_Task description_.
Set down, word for word, every line of the material below from the one containing "#BersamaMerawatAir" through the one containing "Large Picture of", but none of its pictures.

_Provided data_.
------

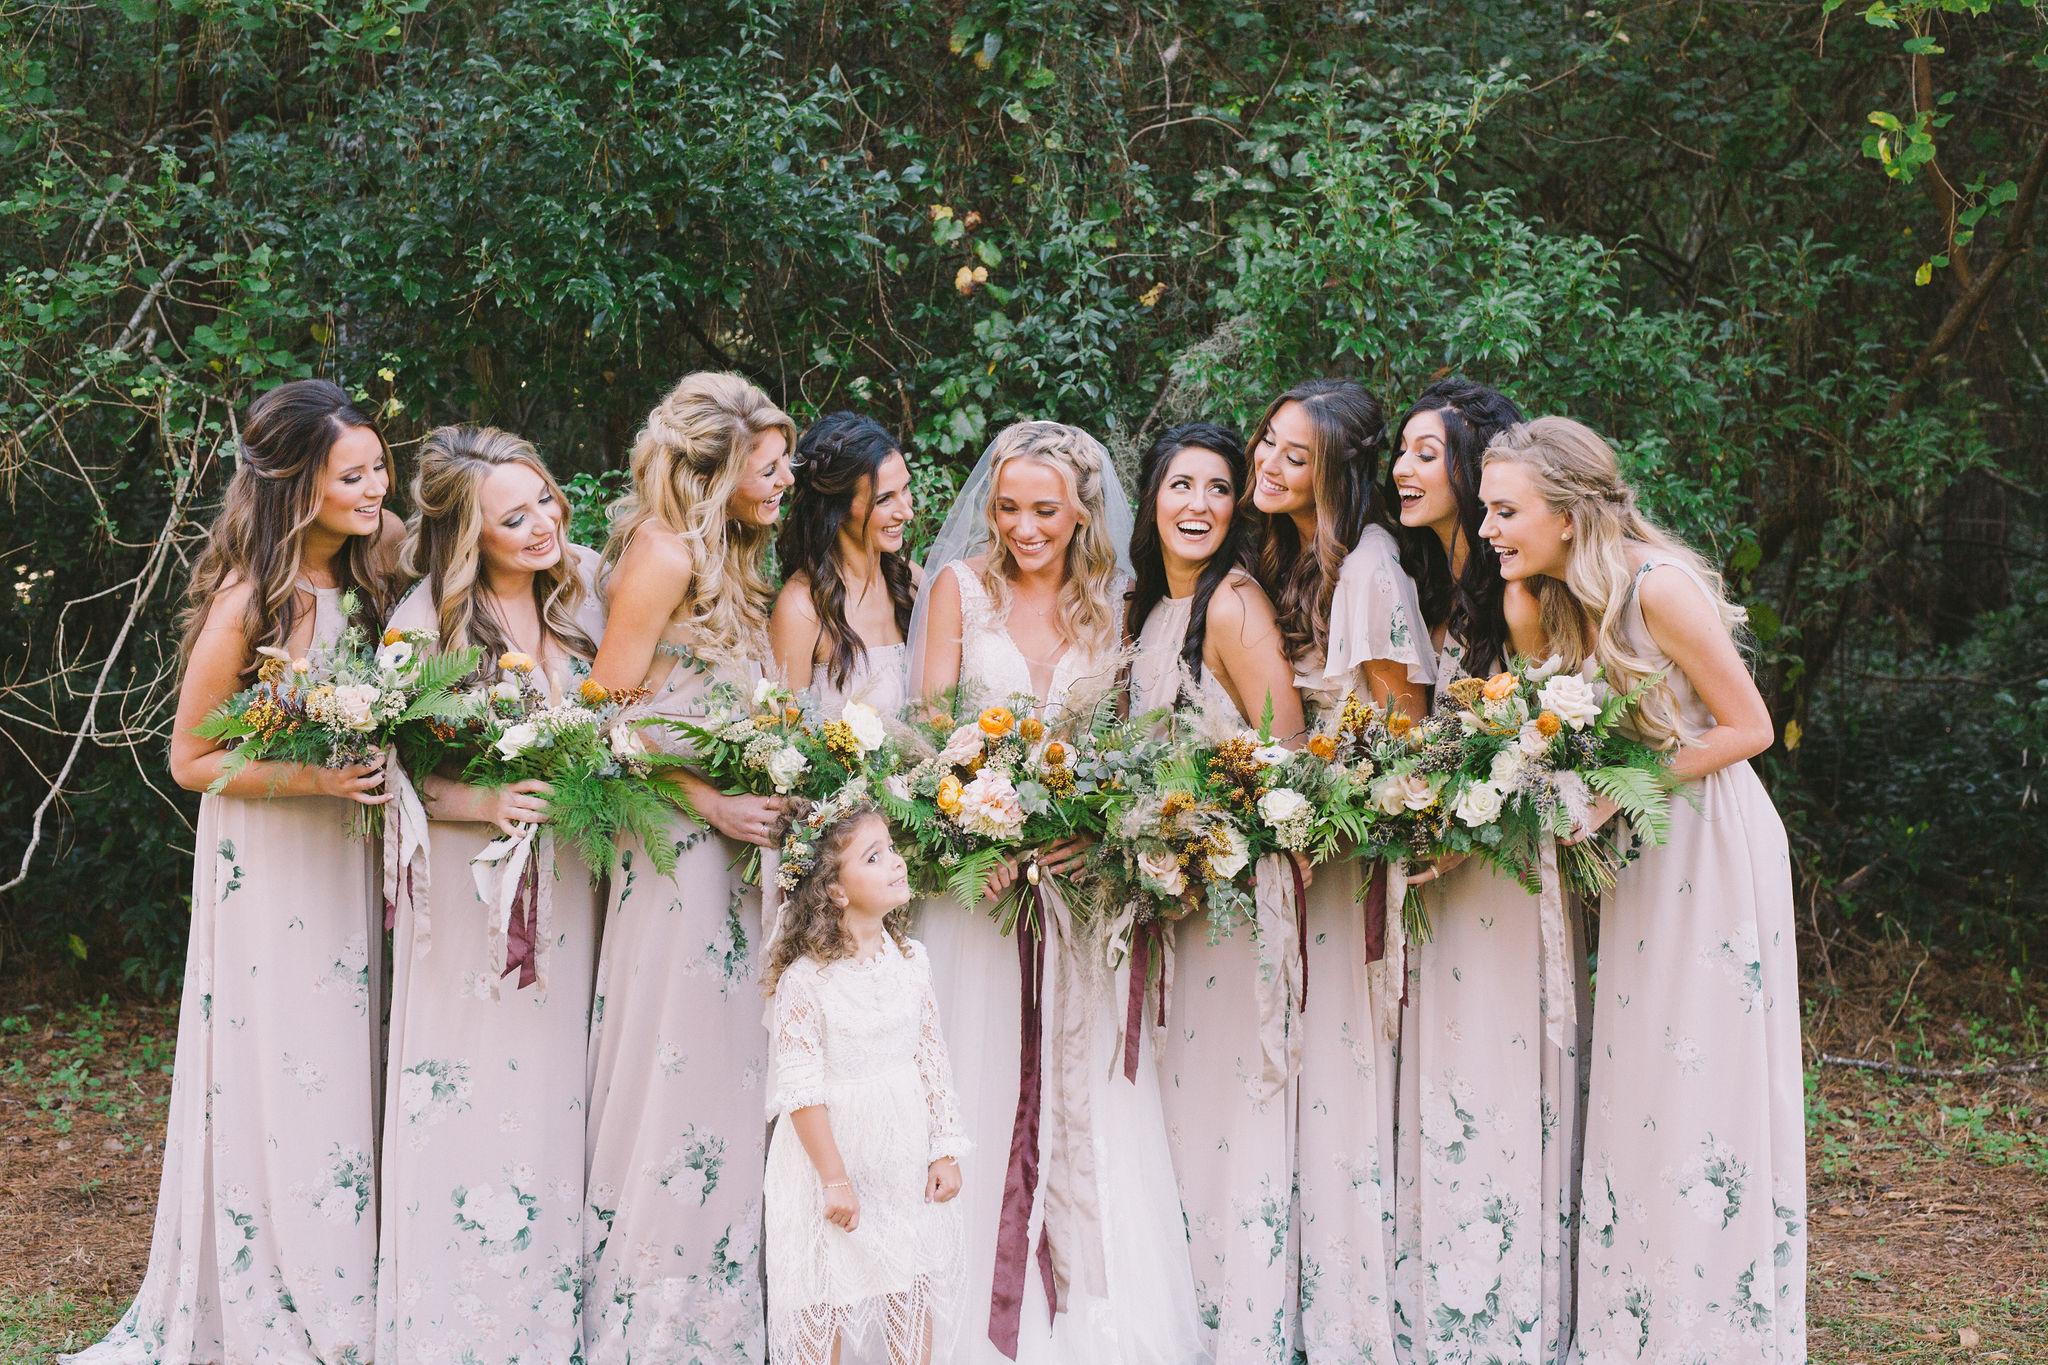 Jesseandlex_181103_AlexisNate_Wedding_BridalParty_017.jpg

------

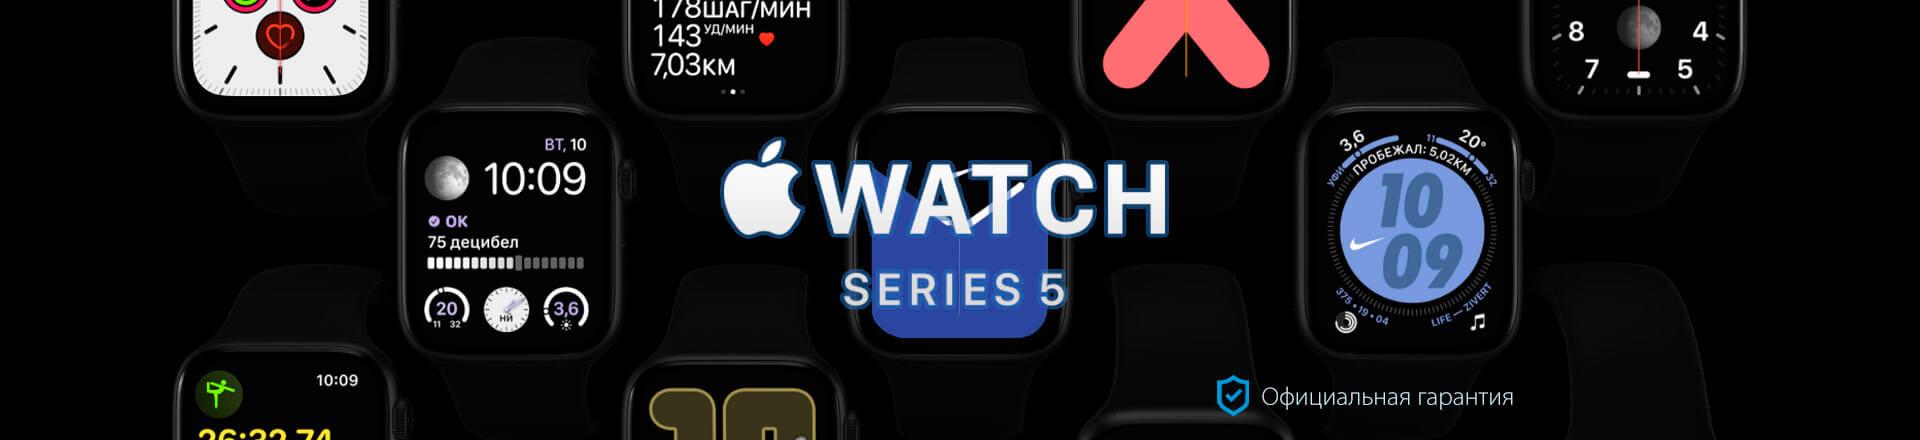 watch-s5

------

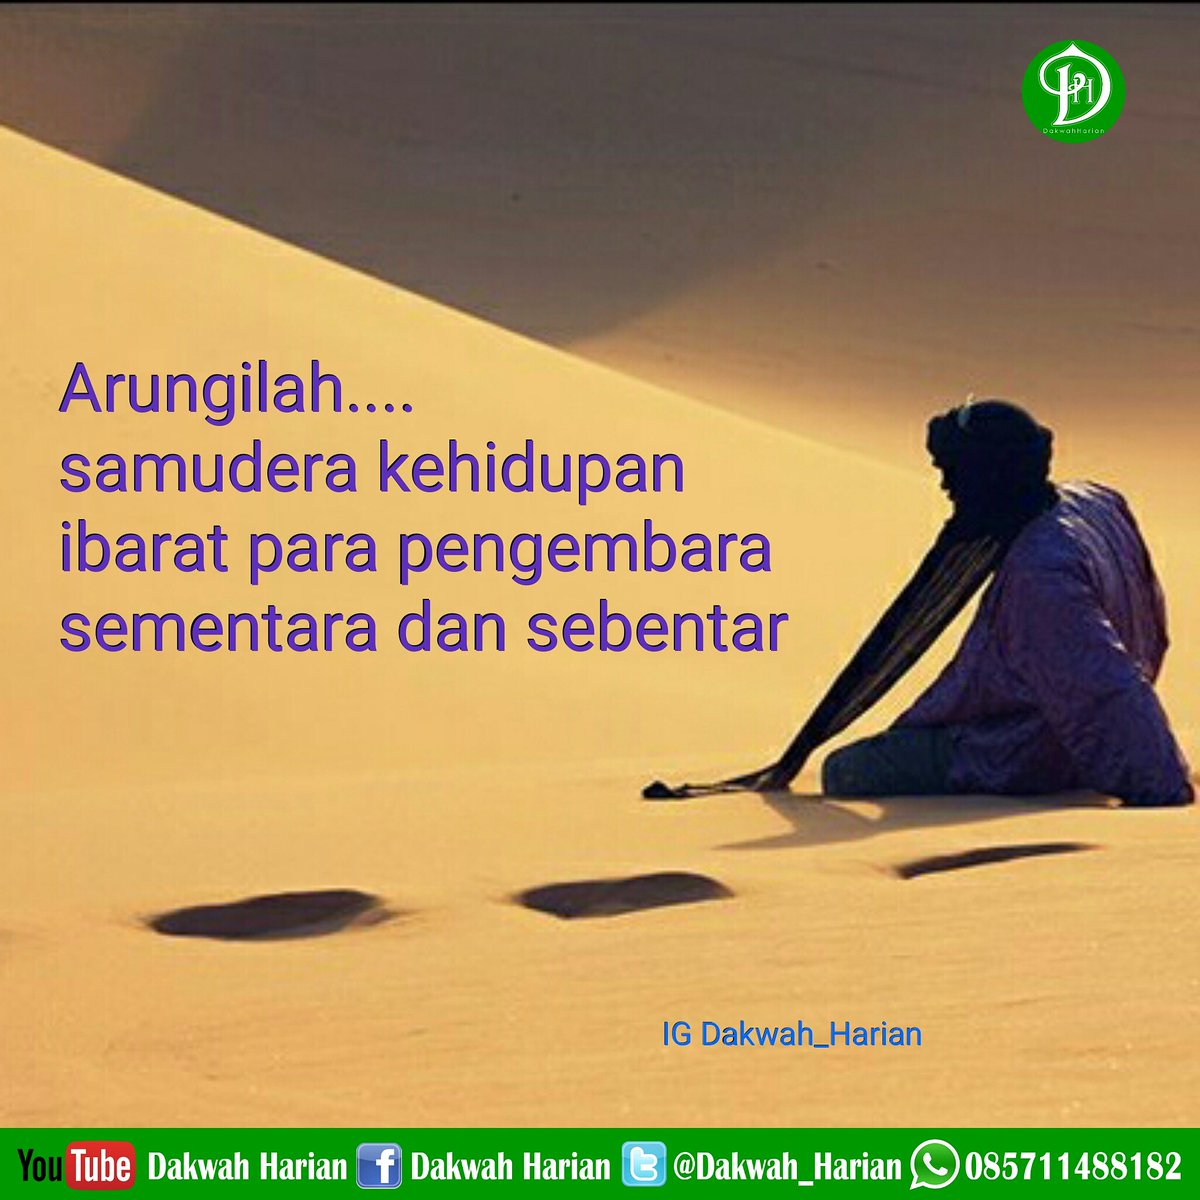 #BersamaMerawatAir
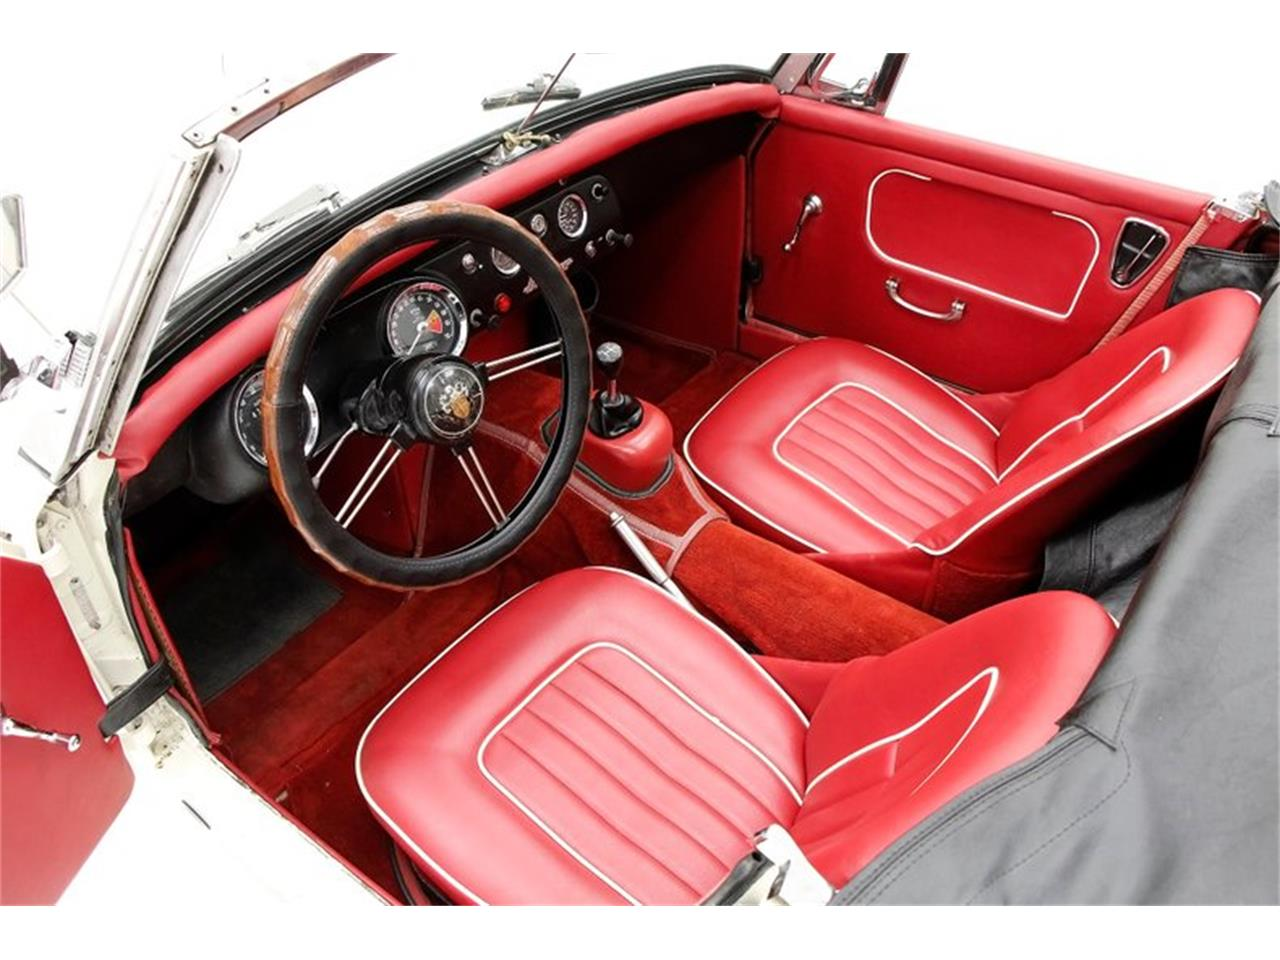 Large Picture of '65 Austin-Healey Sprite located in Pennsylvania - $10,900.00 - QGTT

------

_Problem solution_.
 #BersamaMerawatAir
 Large Picture of '65 Austin-Healey Sprite located in Pennsylvania - $10,900.00 - QGTT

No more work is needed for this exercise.